1. IMMEDIATE ACTIONS

a. Emergency Network Isolation: If feasible and not disruptive to critical business operations, temporarily disconnect affected API gateway instances from public-facing networks. Prioritize isolation for systems handling sensitive data or critical infrastructure.
b. Review Access Logs: Immediately review API gateway access logs, web server logs, and application logs for any suspicious activity, particularly POST requests with unusual or excessively large payloads, unexpected process spawns, or outbound connections from the gateway host. Look for patterns indicative of attempted RCE, such as commands being executed.
c. Temporary WAF Rules: Implement immediate, aggressive Web Application Firewall (WAF) rules to block known deserialization attack patterns. While specific patterns for CVE-2026-34597 may not yet be public, generic rules targeting command injection, unusual character sequences in request bodies, or excessively complex JSON/YAML structures can provide a temporary layer of defense. Prioritize blocking requests to API endpoints known to deserialize untrusted input.
d.
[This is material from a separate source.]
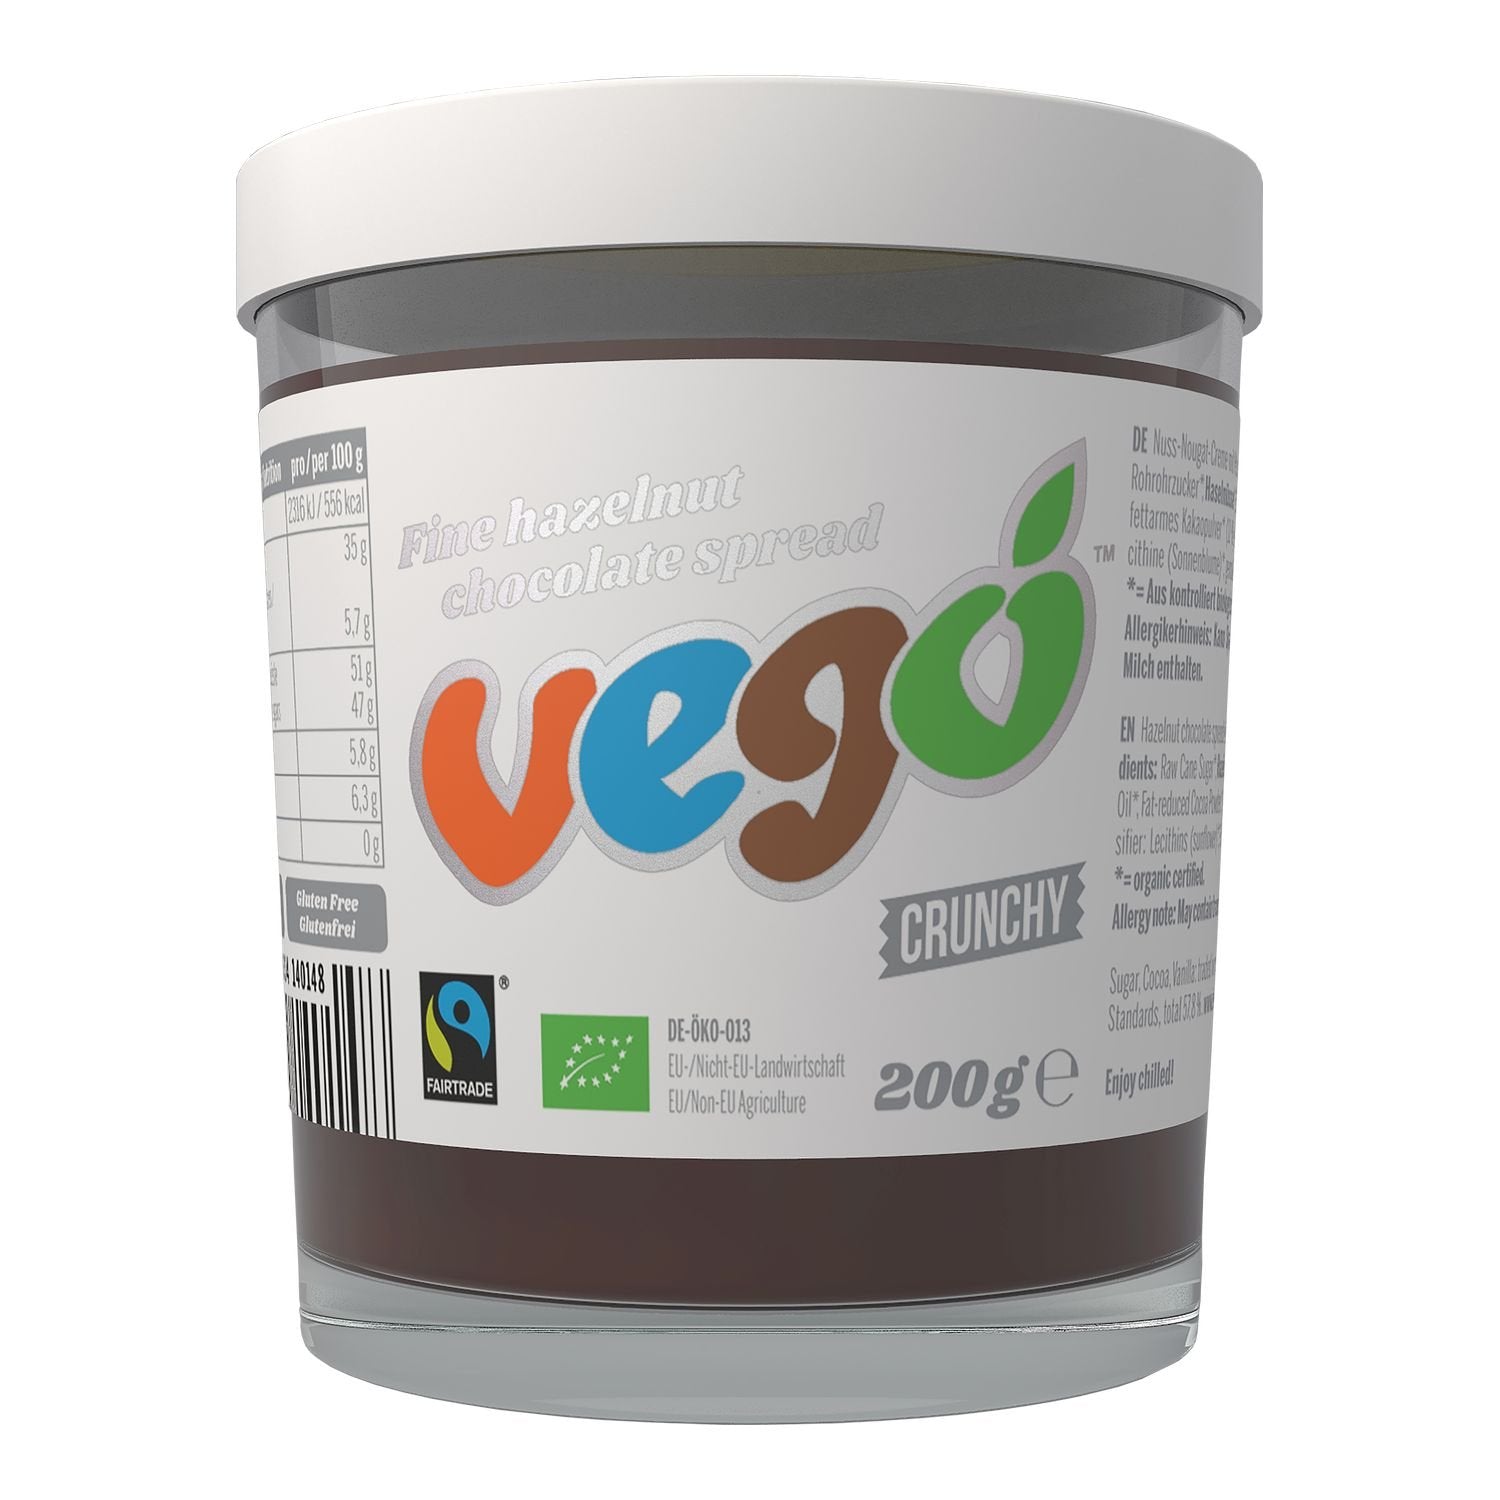 Vego Fine Hazelnut Chocolate Spread (crunchy) - Just Natural

Inventory Affected Systems: Identify all instances of the vulnerable API gateway framework and its associated deserialization libraries across your infrastructure. Determine their version numbers and exposure level (internet-facing, internal, etc.).
e. Disable Vulnerable Endpoints (if possible): If specific API endpoints are known to be particularly susceptible due to their deserialization logic and are not critical for immediate operations, consider temporarily disabling them or restricting access to trusted sources only.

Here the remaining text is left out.